AIM OF THE EXERCISE: In the listing below, find the line containing "Lot 3 ANDY MIKI" and the line containing "Tom yum goong, sopa con gambas tailandesa", then copy exactly everything from the first through the second, except the pictures.

TASK INPUTS:
- Opening Delimiter -

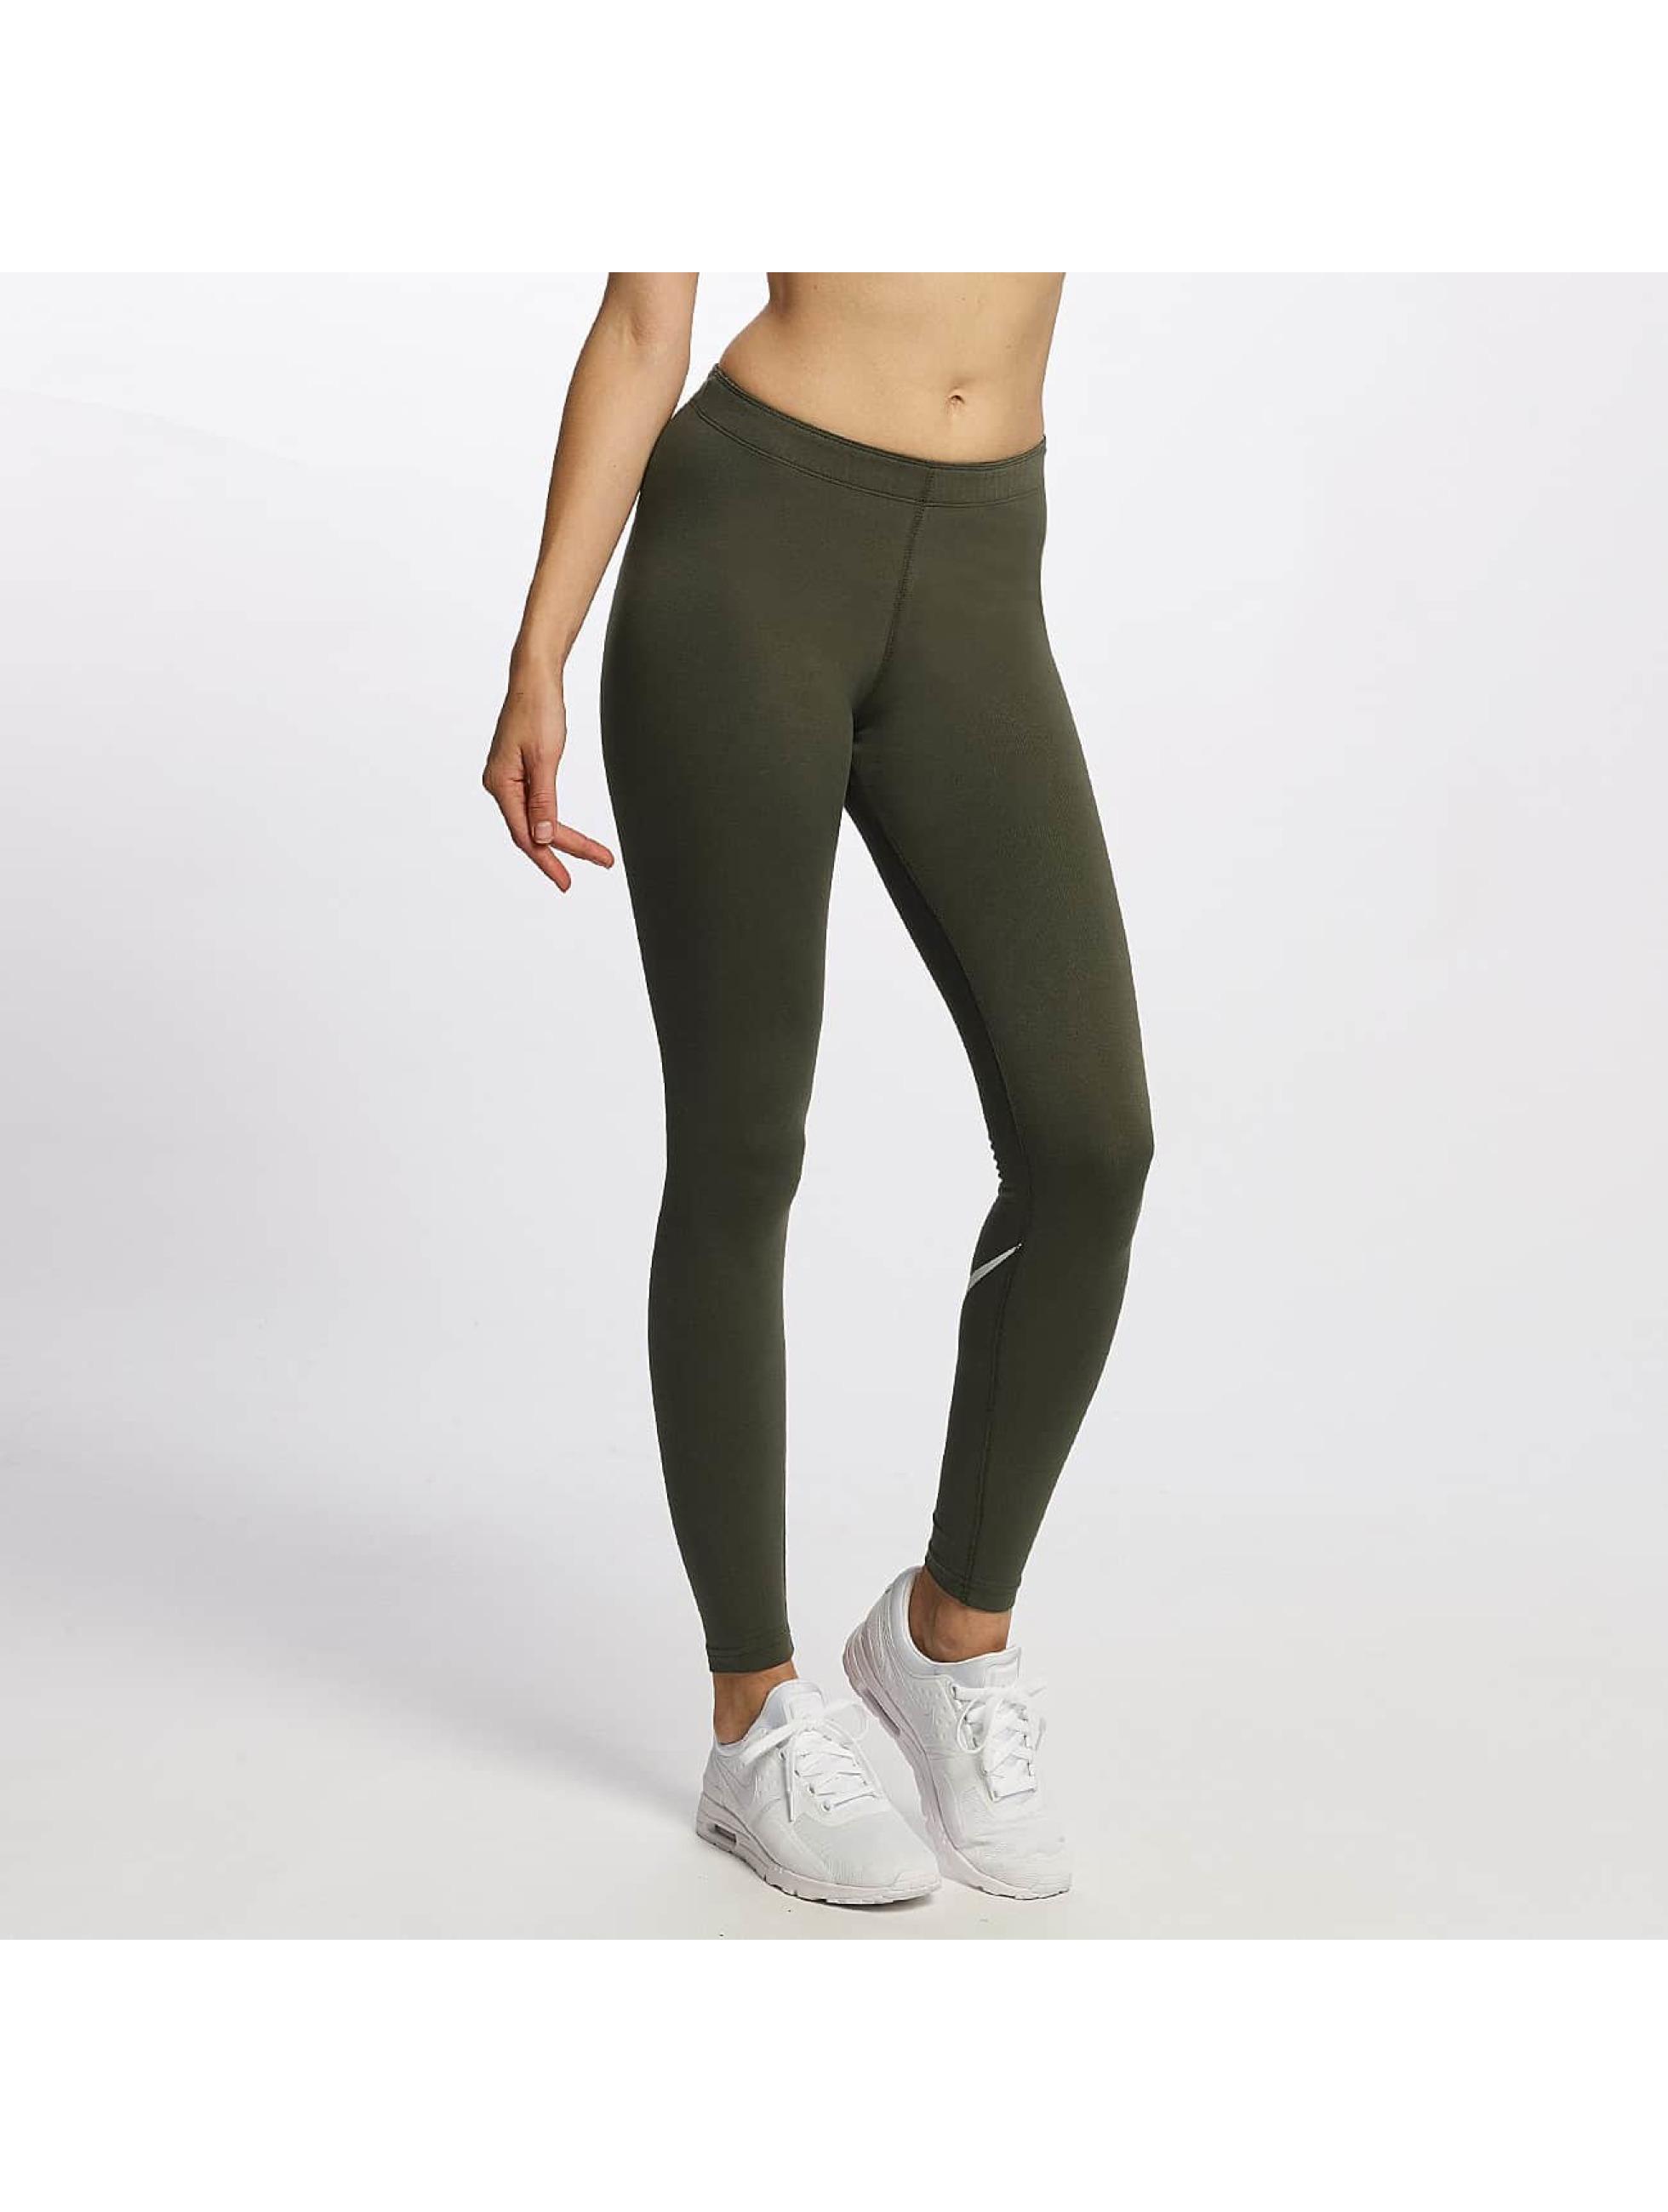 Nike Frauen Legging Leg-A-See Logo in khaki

- Closing Delimiter -
- Opening Delimiter -

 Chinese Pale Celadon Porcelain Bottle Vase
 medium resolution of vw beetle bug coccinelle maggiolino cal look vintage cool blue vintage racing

- Closing Delimiter -
- Opening Delimiter -

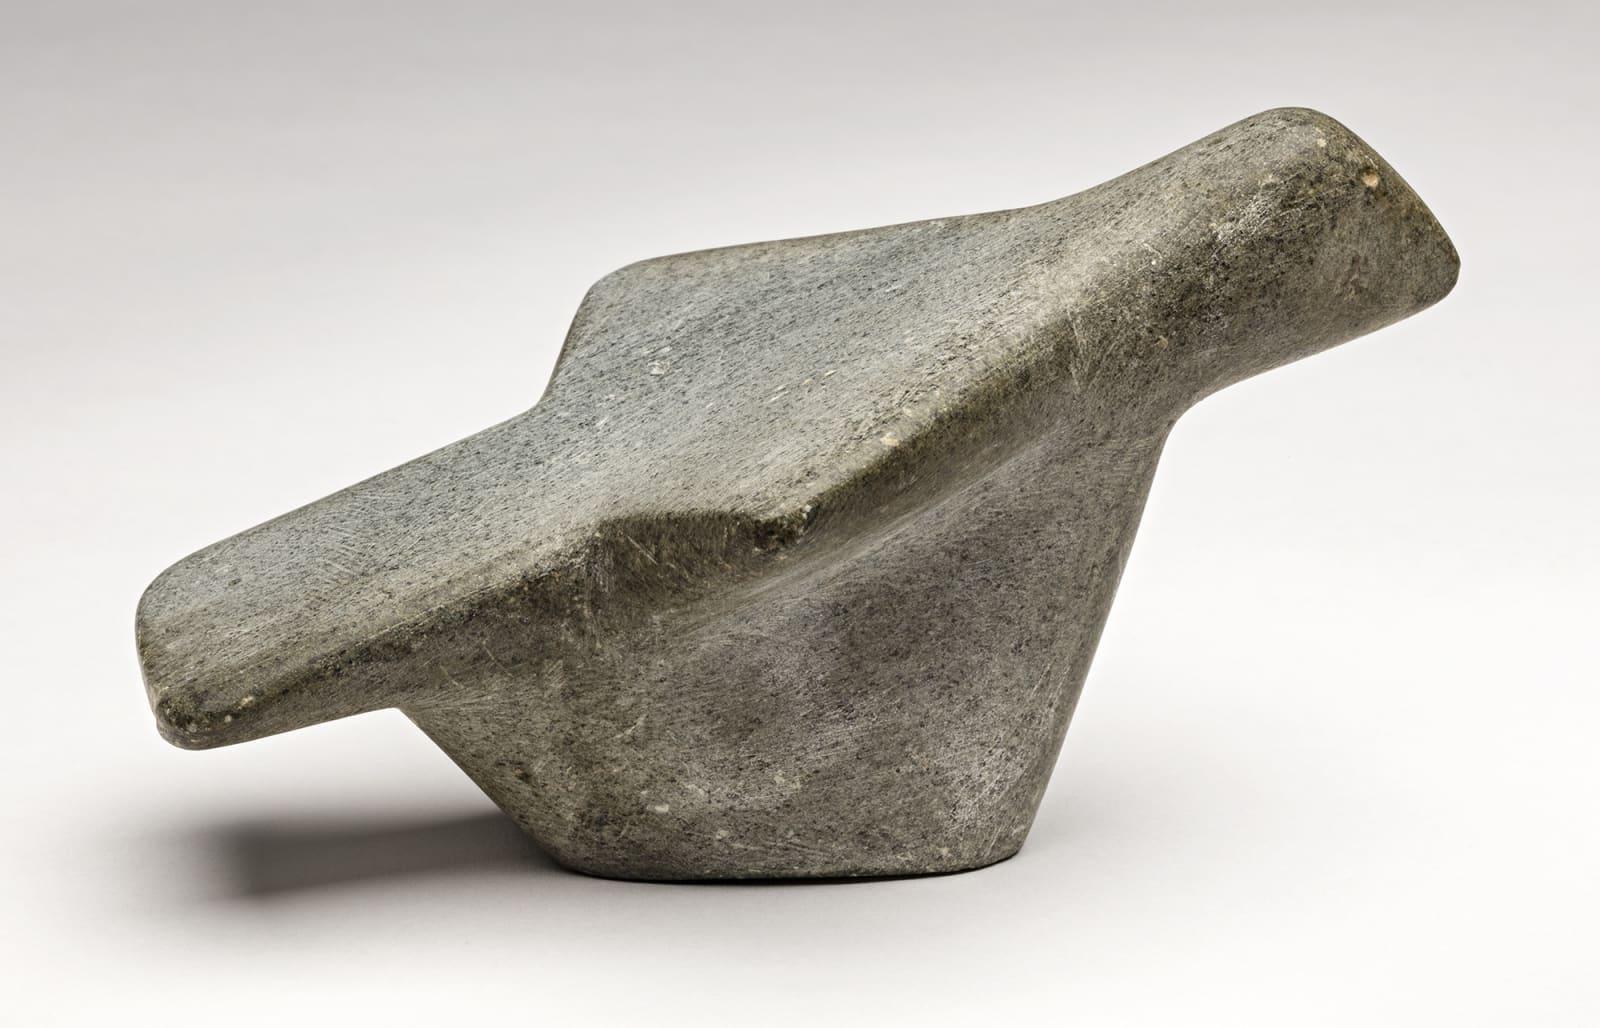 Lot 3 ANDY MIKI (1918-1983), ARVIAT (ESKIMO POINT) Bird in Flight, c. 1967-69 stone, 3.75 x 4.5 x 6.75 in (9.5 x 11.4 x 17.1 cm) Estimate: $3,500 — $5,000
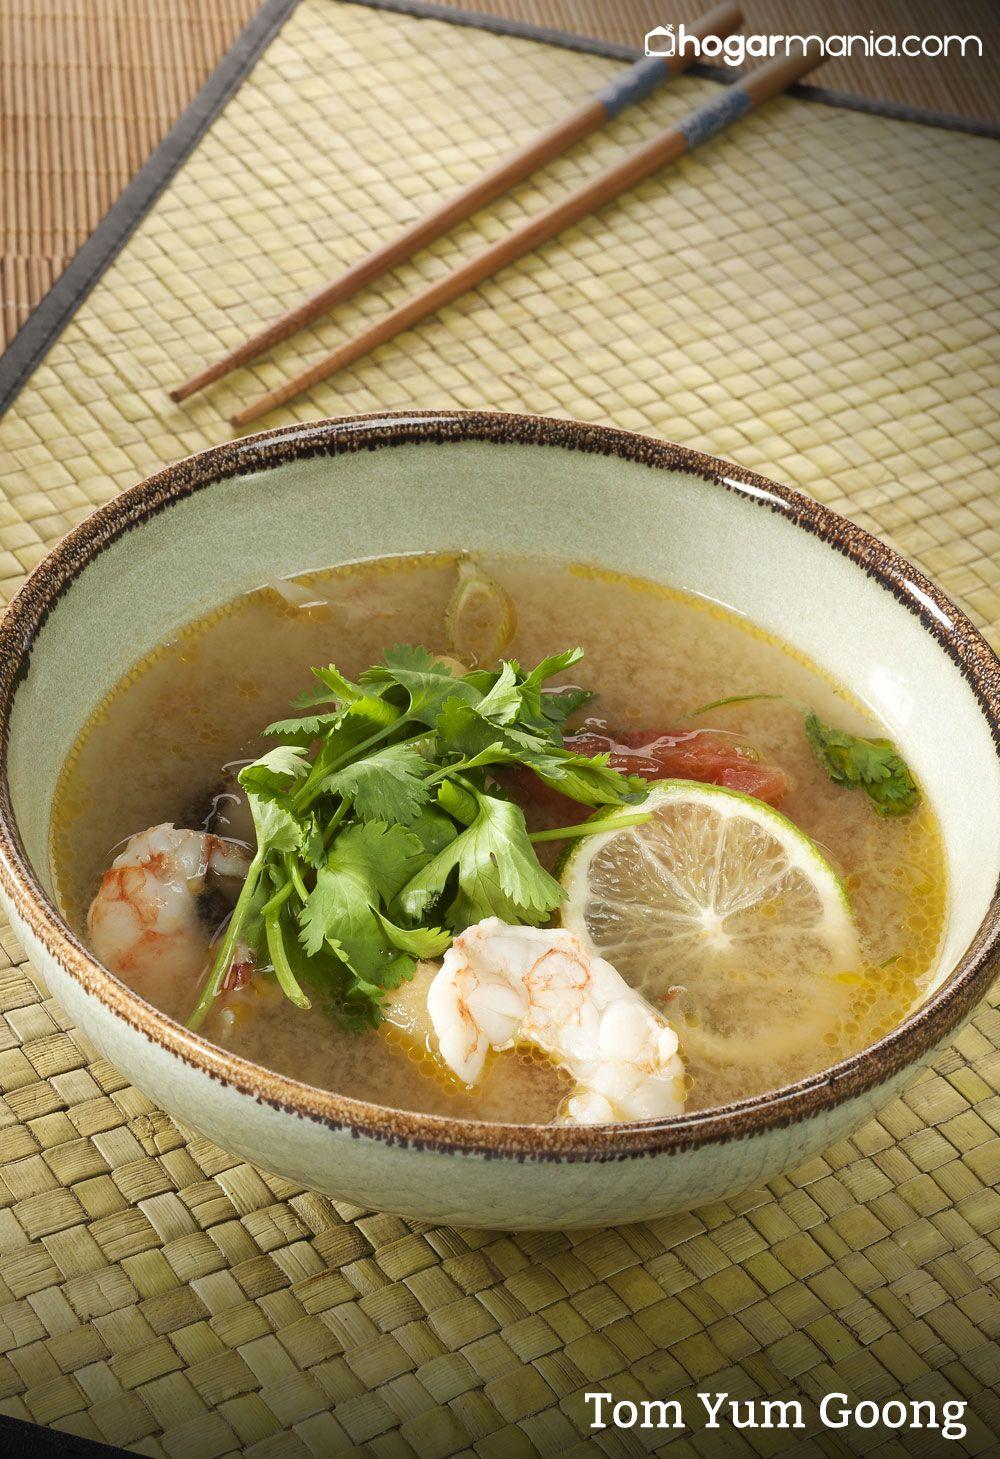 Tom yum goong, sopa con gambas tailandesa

- Closing Delimiter -

YOUR RESPONSE:
 Lot 3 ANDY MIKI (1918-1983), ARVIAT (ESKIMO POINT) Bird in Flight, c. 1967-69 stone, 3.75 x 4.5 x 6.75 in (9.5 x 11.4 x 17.1 cm) Estimate: $3,500 — $5,000
 Tom yum goong, sopa con gambas tailandesa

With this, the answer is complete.